[Opening GIVEN INFORMATION section]
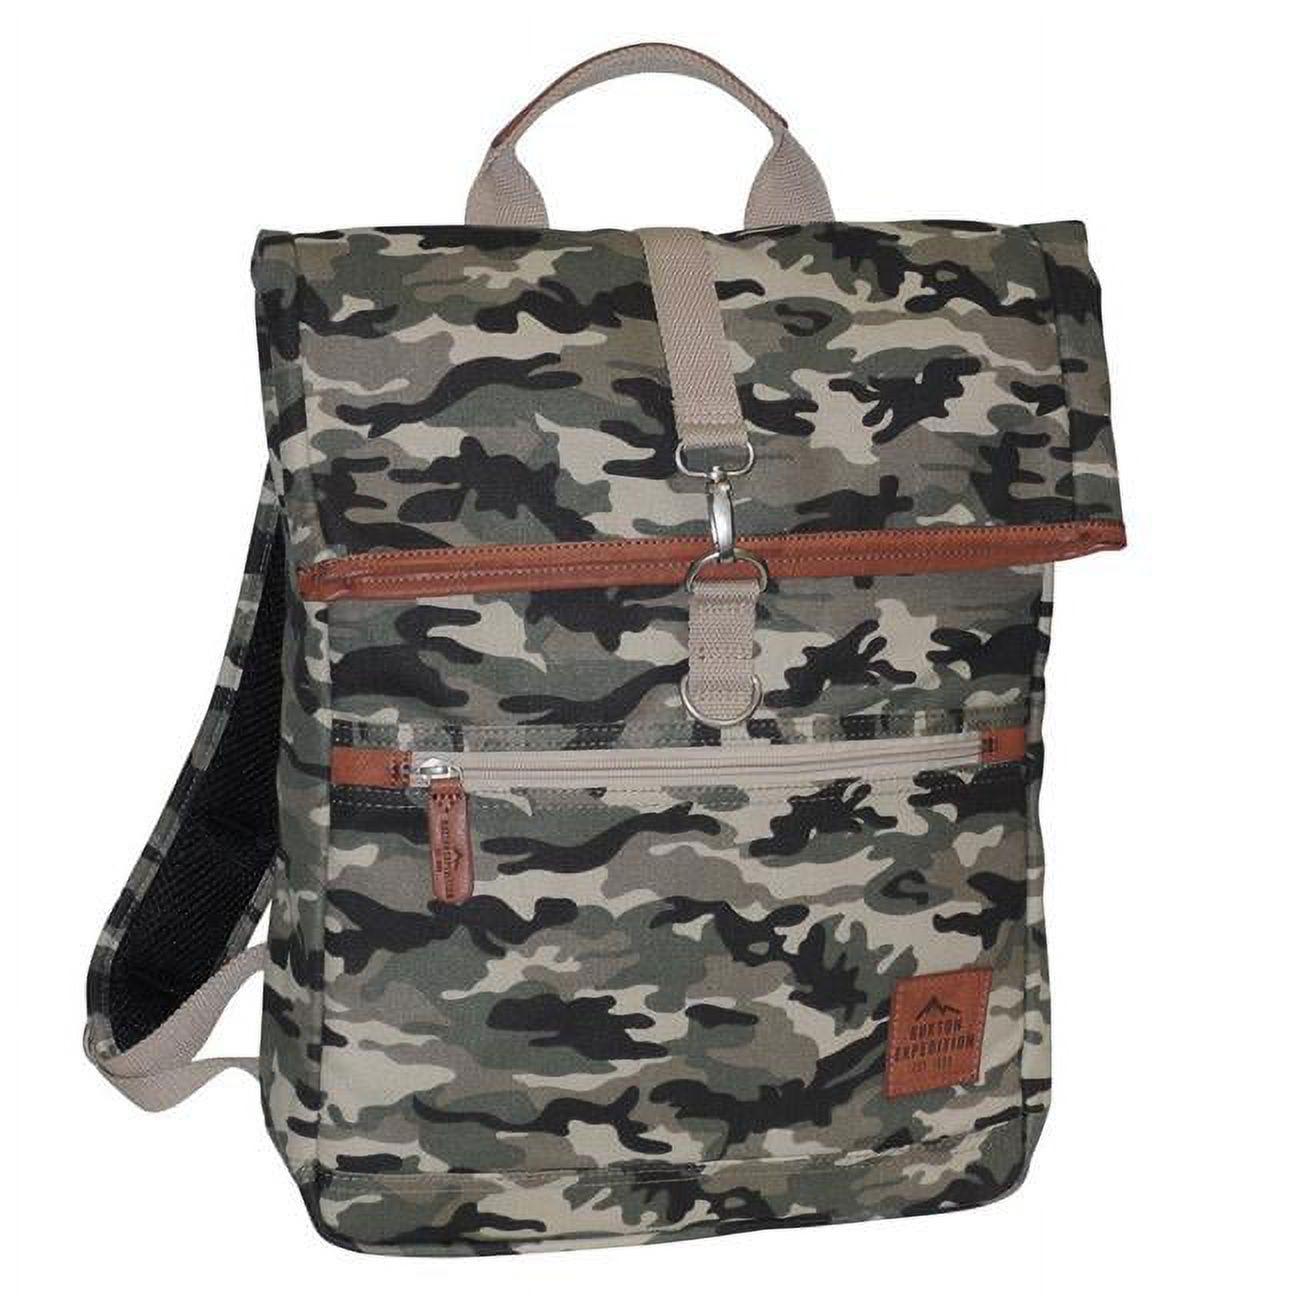 Buxton Men's Expedition II Huntington Gear Fold-Over Canvas Backpack CAMO - image 1 of 2
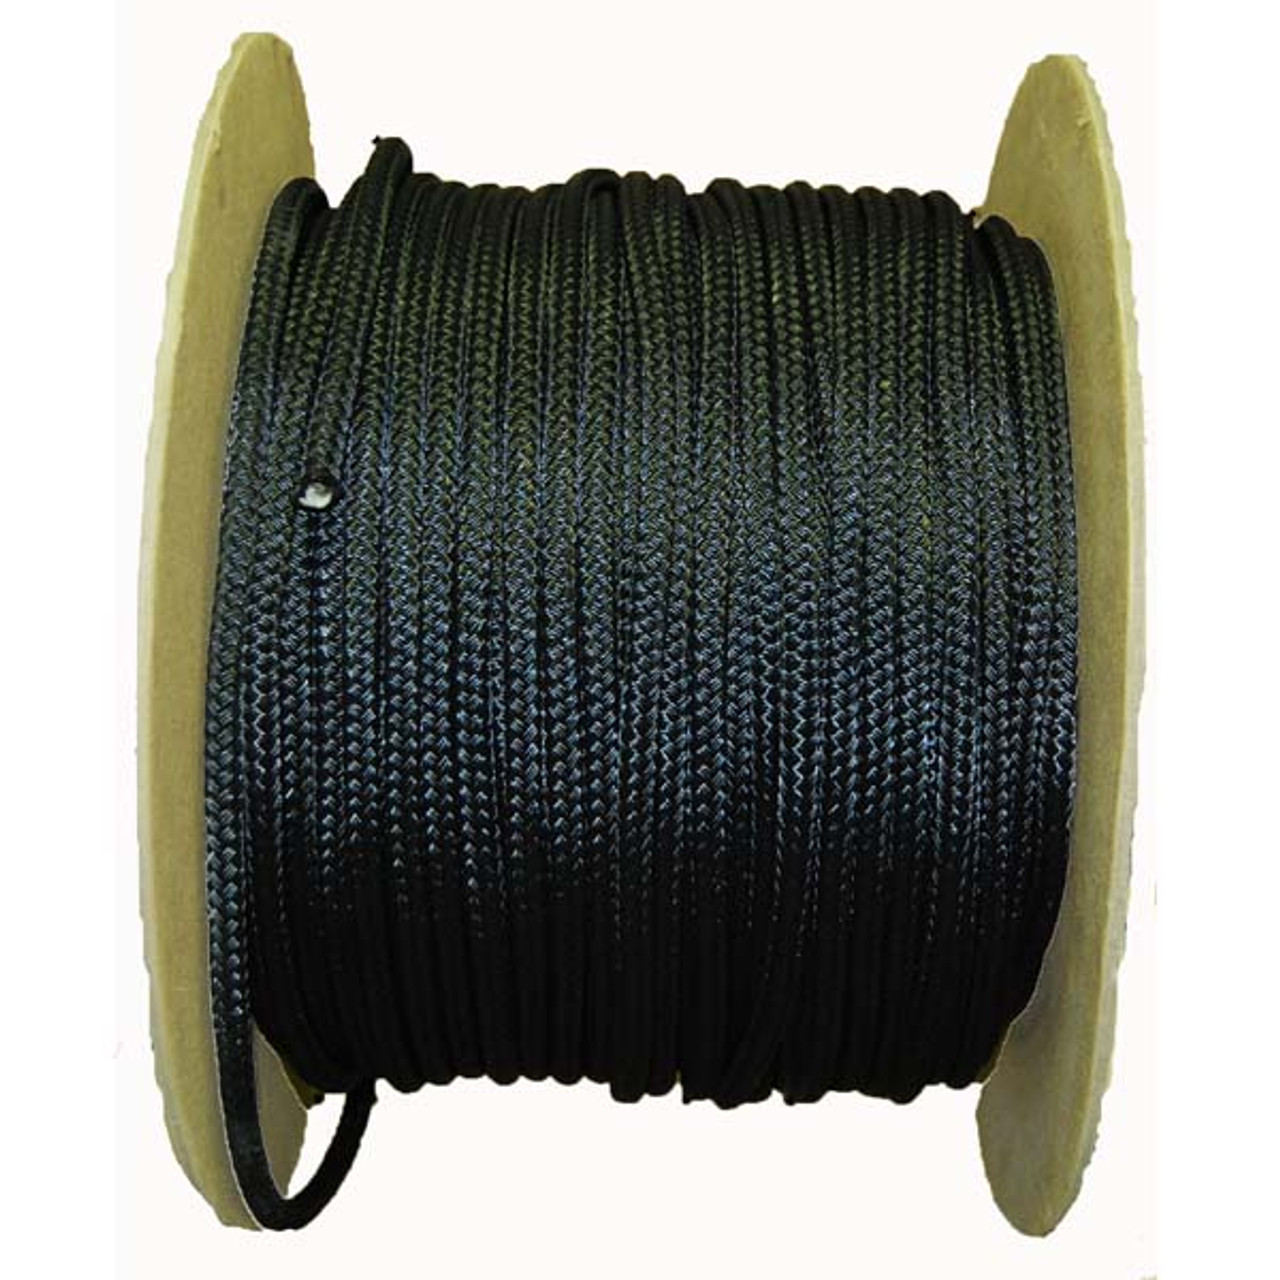 Aamstrand Double Braided Nylon Rope - Black - Per Foot
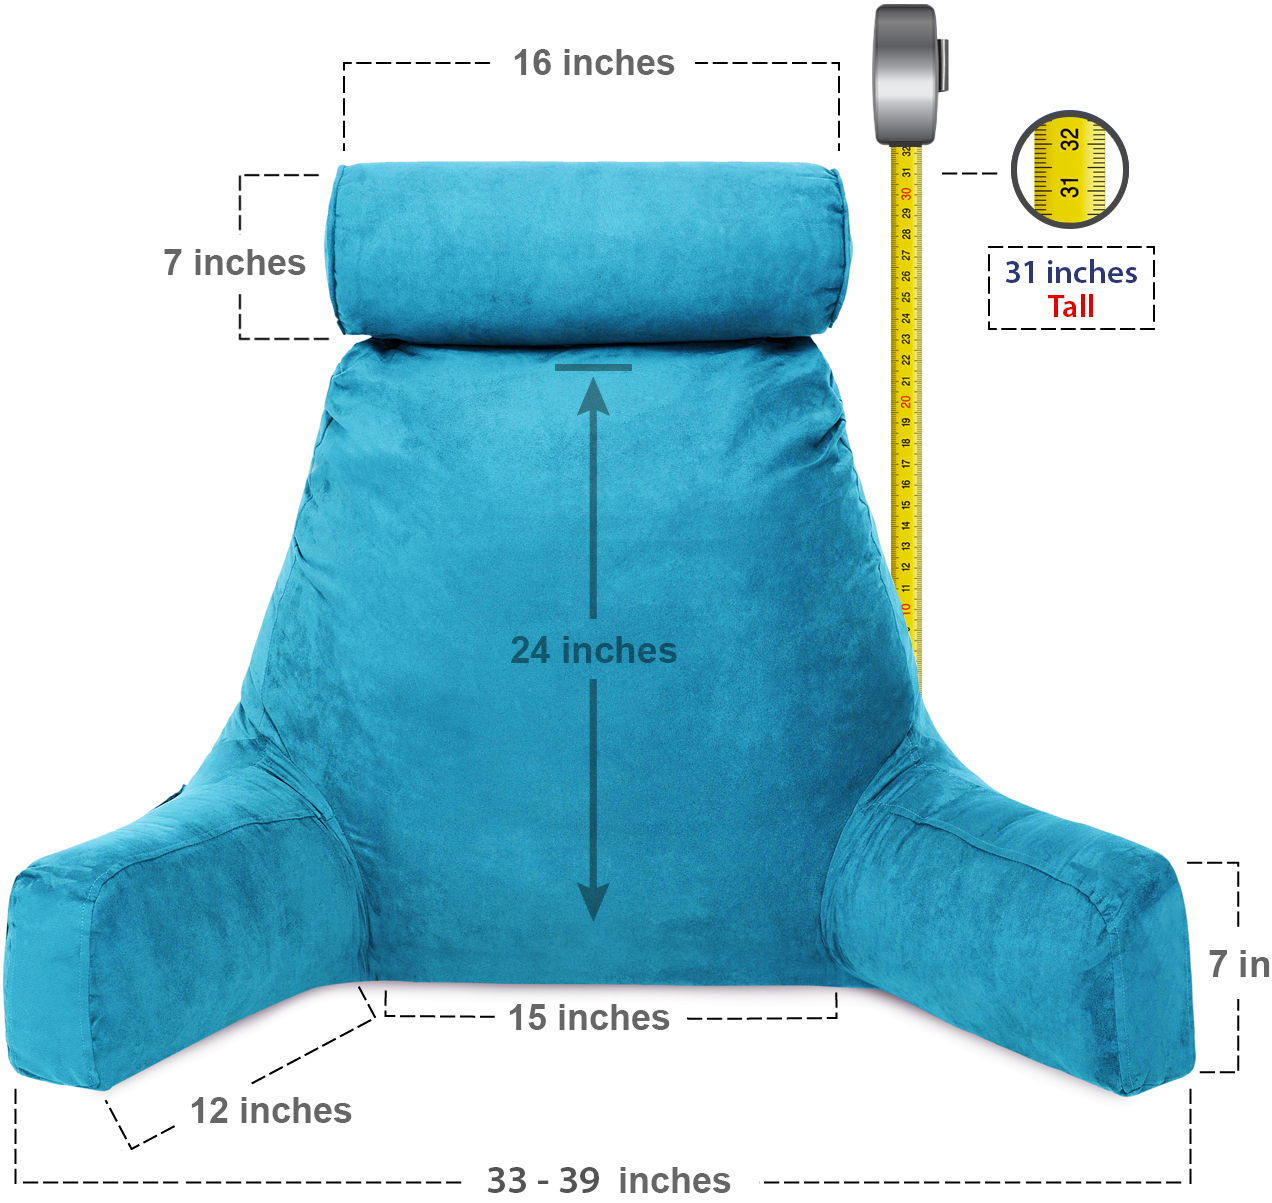 Husband Pillow, Aspen Edition - Reading and Bed Rest Pillow with Arms - Neck Roll on Bungee Cord or Removable - Premium Memory Foam - Reversible Two-Sided Cover Microsuede or Microfiber, Rodeo Blue - image 2 of 11
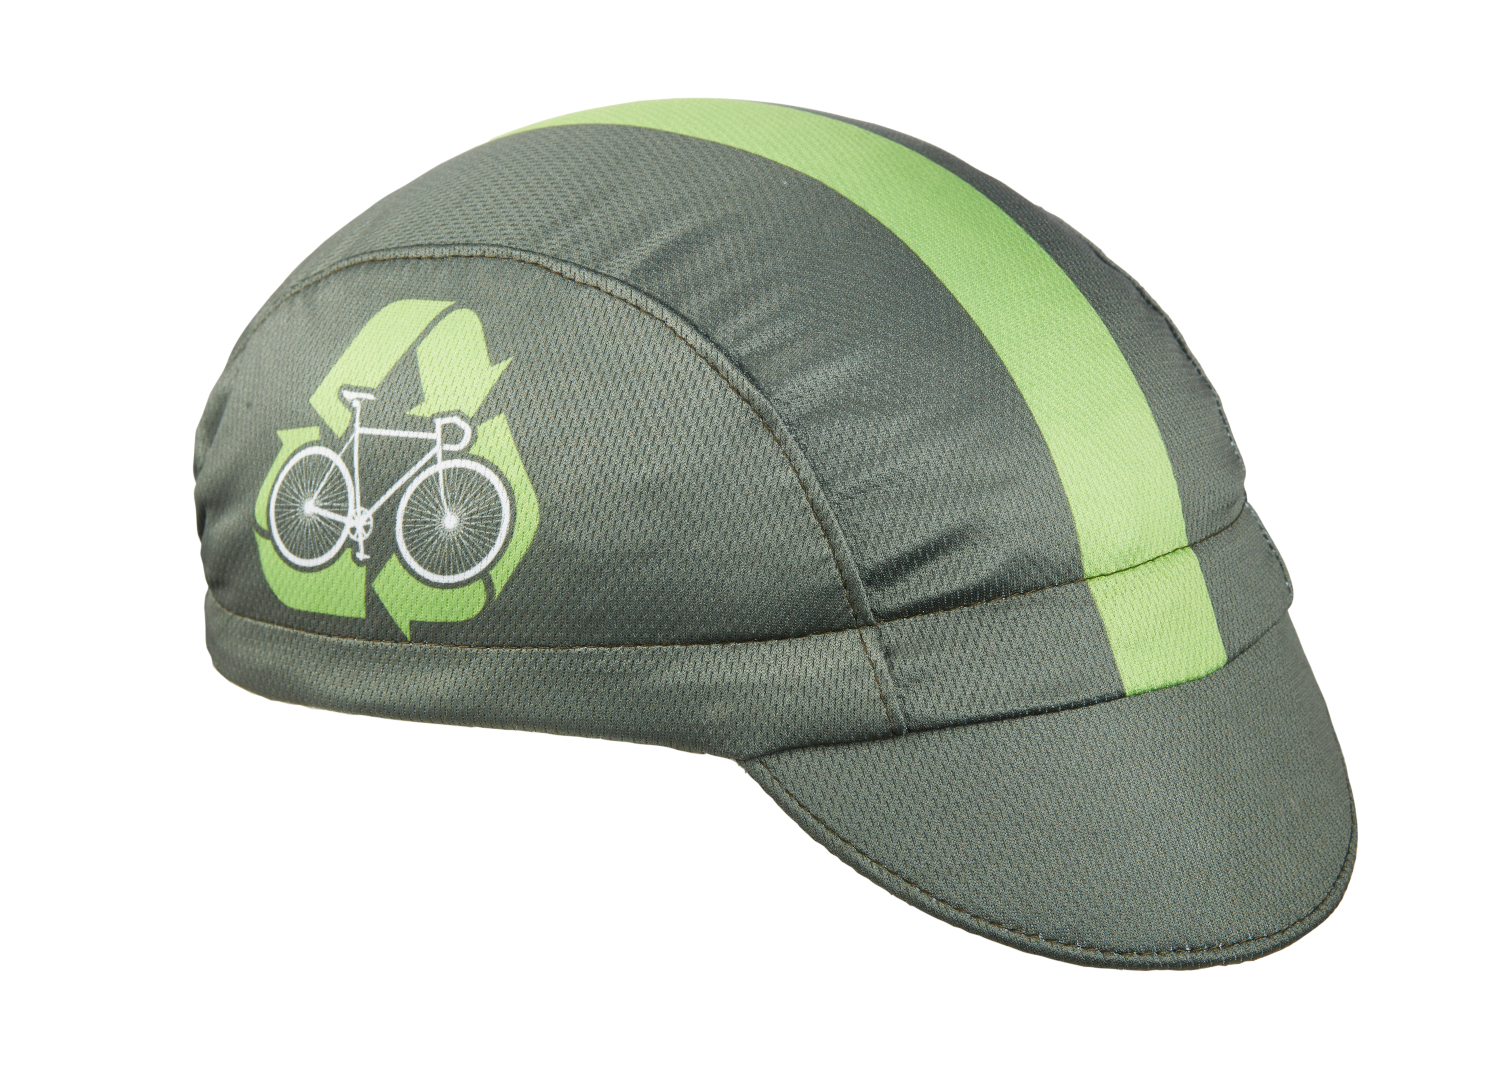 "We-Cycle" Technical 3-Panel Cap.  Olive green cap with light green stripe and bicycle re-cycle icon.  Angled view.
[Closing GIVEN INFORMATION section]
■ EXERCISE DETAILS
Starting at the line with "Husband Pillow, Aspen" and stopping at the final line of the material, reproduce each line exactly, both ends included. Leave the pictures out.

■ ANSWER AREA
 Husband Pillow, Aspen Edition - Reading and Bed Rest Pillow with Arms - Neck Roll on Bungee Cord or Removable - Premium Memory Foam - Reversible Two-Sided Cover Microsuede or Microfiber, Rodeo Blue - image 2 of 11
 "We-Cycle" Technical 3-Panel Cap.  Olive green cap with light green stripe and bicycle re-cycle icon.  Angled view.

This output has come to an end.